Do we have to use the over strength factor "omega node" to design the columns in OCBF if Pu/Phi-c Ptn &gt; 0.4? or this condition is not applicable to OCBF?

Is there any part in AISC 341 mentioned anything about this?


----------



## blybrook PE (Jun 4, 2011)

Per my interpretation of the following note, I would say that no, you do not need to utilize the Omega (overstrength) factor in the design of OCBF members. The amplified seismic load is that determined by the load factors utilizing the Omega factor.

From AISC 341-05, Section 14.1 (full specification available free from AISC)

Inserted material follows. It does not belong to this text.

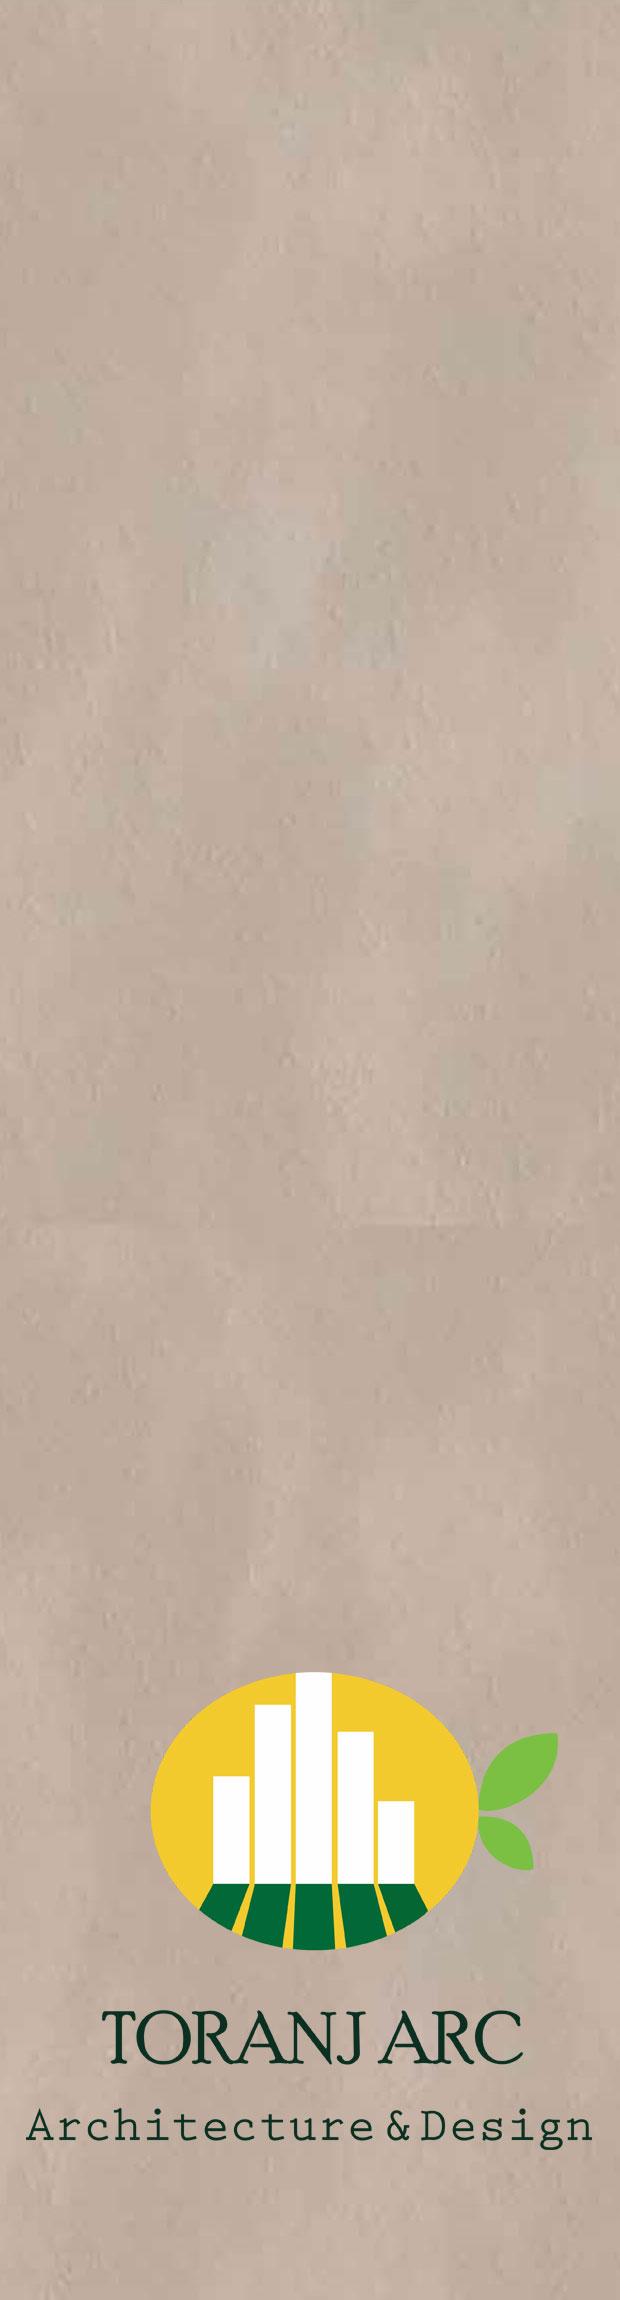 adofloor 1 5 کف پوش pvc

"User Note: Previous versions of these Provisions have required that the members of OCBF be designed for the amplified seismic load, effectively reducing the effective R factor by half. To make the design of OCBF consistent with other systems, this requirement has been eliminated from these Provisions, consistent with a corresponding reduction in the R factor for these systems in SEI/ASCE 7-05 Supplement Number 1. The required strength of the members of OCBF will now be determined using the loading combinations stipulated by the applicable building code (and the reduced R factors prescribed in SEI/ASCE 7-05 Supplement Number 1), without the application of the amplified seismic load."


----------



## Adeeel (Jun 4, 2011)

blybrook PE said:


> Per my interpretation of the following note, I would say that no, you do not need to utilize the Omega (overstrength) factor in the design of OCBF members. The amplified seismic load is that determined by the load factors utilizing the Omega factor.
> From AISC 341-05, Section 14.1 (full specification available free from AISC)
> 
> "User Note: Previous versions of these Provisions have required that the members of OCBF be designed for the amplified seismic load, effectively reducing the effective R factor by half. To make the design of OCBF consistent with other systems, this requirement has been eliminated from these Provisions, consistent with a corresponding reduction in the R factor for these systems in SEI/ASCE 7-05 Supplement Number 1. The required strength of the members of OCBF will now be determined using the loading combinations stipulated by the applicable building code (and the reduced R factors prescribed in SEI/ASCE 7-05 Supplement Number 1), without the application of the amplified seismic load."



Thanks blybrook PE for your clarification. This is my understanding too.


----------